Stable Diffusion is an image generator based on the diffusion model, which has the following parameters:
sampling steps: The number of sampling steps, which determines the number of steps taken by the algorithm to generate the image. Increasing the number of sampling steps results in a smaller, more accurate image of the target, but it also increases the time it takes to generate the image.
ETA: Noise level, which controls how blurry the resulting image is. A higher ETA value results in a more blurry image, while a lower ETA value results in a sharper image.
sigma: Noise distribution, which controls the noise distribution of the generated image. A larger sigma value results in a more uniform distribution of image noise, while a smaller sigma value results in a more concentrated distribution of generated image noise.
seed: A random seed that controls the randomness of the generated image. Different seed values generate different images.
prompt: A text prompt that controls the content of the generated image. Different prompt values produce different images.
Stable Diffusion supports the following samplers:
Euler: Euler sampler is a classic sampler with high stability.
dDIMs: The DDIM sampler, is an improved Euler sampler with higher efficiency.
DPM2: DPM2 sampler, is a faster sampler, but may produce some aliasing.
DPM++:d PM++ sampler, is a faster sampler with higher quality.
The sampling steps parameter controls the number of steps taken by the algorithm to generate the image. Increasing the number of sampling steps results in a smaller, more accurate image of the target, but it also increases the time it takes to generate the image.

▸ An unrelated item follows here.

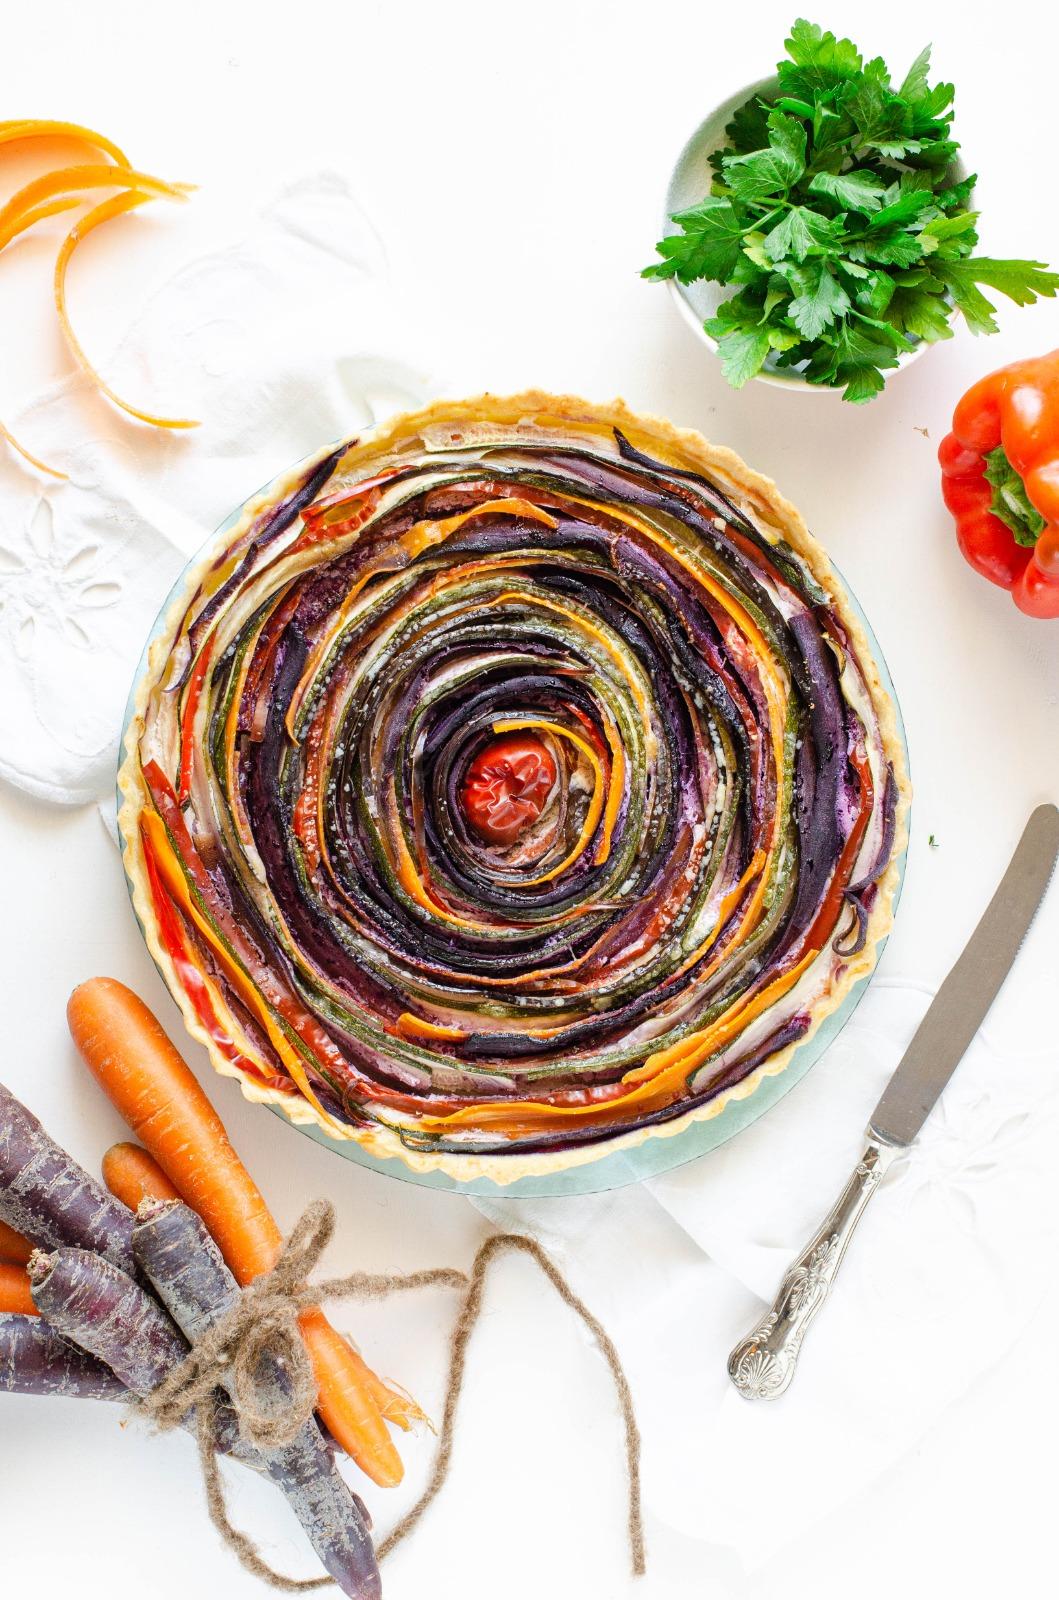 Torta salata di verdure e ortaggi di stagione a spirale

The ETA parameter controls how blurry the resulting image is. A higher ETA value results in a more blurry image, while a lower ETA value results in a sharper image.
The sigma parameter controls the noise distribution of the generated image. A larger sigma value results in a more uniform distribution of image noise, while a smaller sigma value results in a more concentrated distribution of generated image noise.
The seed parameter controls the randomness of the generated image. Different seed values generate different images.
The prompt parameter controls the content of the generated image. Different prompt values produce different images.
The Euler sampler is a classic sampler with high stability. It produces images by iteratively reducing noise at each step.
The DDIM sampler is an improved Euler sampler with higher efficiency. It generates an image by iteratively updating the noise distribution with each step.
The DPM2 sampler is a faster sampler but can produce some aliasing. It generates images by iteratively updating the noise distribution and image content with each step.
The DPM++ sampler is a faster sampler with higher quality. It generates images by iteratively updating the noise distribution, image content, and edges at each step.
In practical use, you can adjust these parameters according to your needs to generate images in different styles.
In Stable Diffusion, a sampler is an algorithm used to generate an image. The sampler needs to generate an image from noise, which can be understood as a random variable that represents the uncertainty in the image.
The louder the noise of the sampler, the blurrier the resulting image will be. This is because noise causes the pixel values in the image to change, which reduces the clarity of the image.
The less noise the sampler is, the sharper the image will be. This is because noise causes the pixel values in the image to change less, which improves the clarity of the image.
In practical use, you can adjust the noise level of the sampler as needed to produce different styles of images. For example, if you want to produce a blurry abstract image, you can use loud noise;If you want to produce a clear, realistic image, you can use less noise.
Let's say we want to draw a picture with a blank piece of paper. If we draw directly on a blank piece of paper, then the drawn image will be very clear. However, if we sprinkle some sand on a blank piece of paper and then draw on it, the drawn image will become blurry. This is because the sand obscures part of the white paper, which reduces the sharpness of the image.
The noise in the sampler is like sand sprinkled on a blank sheet of paper, which reduces the clarity of the image.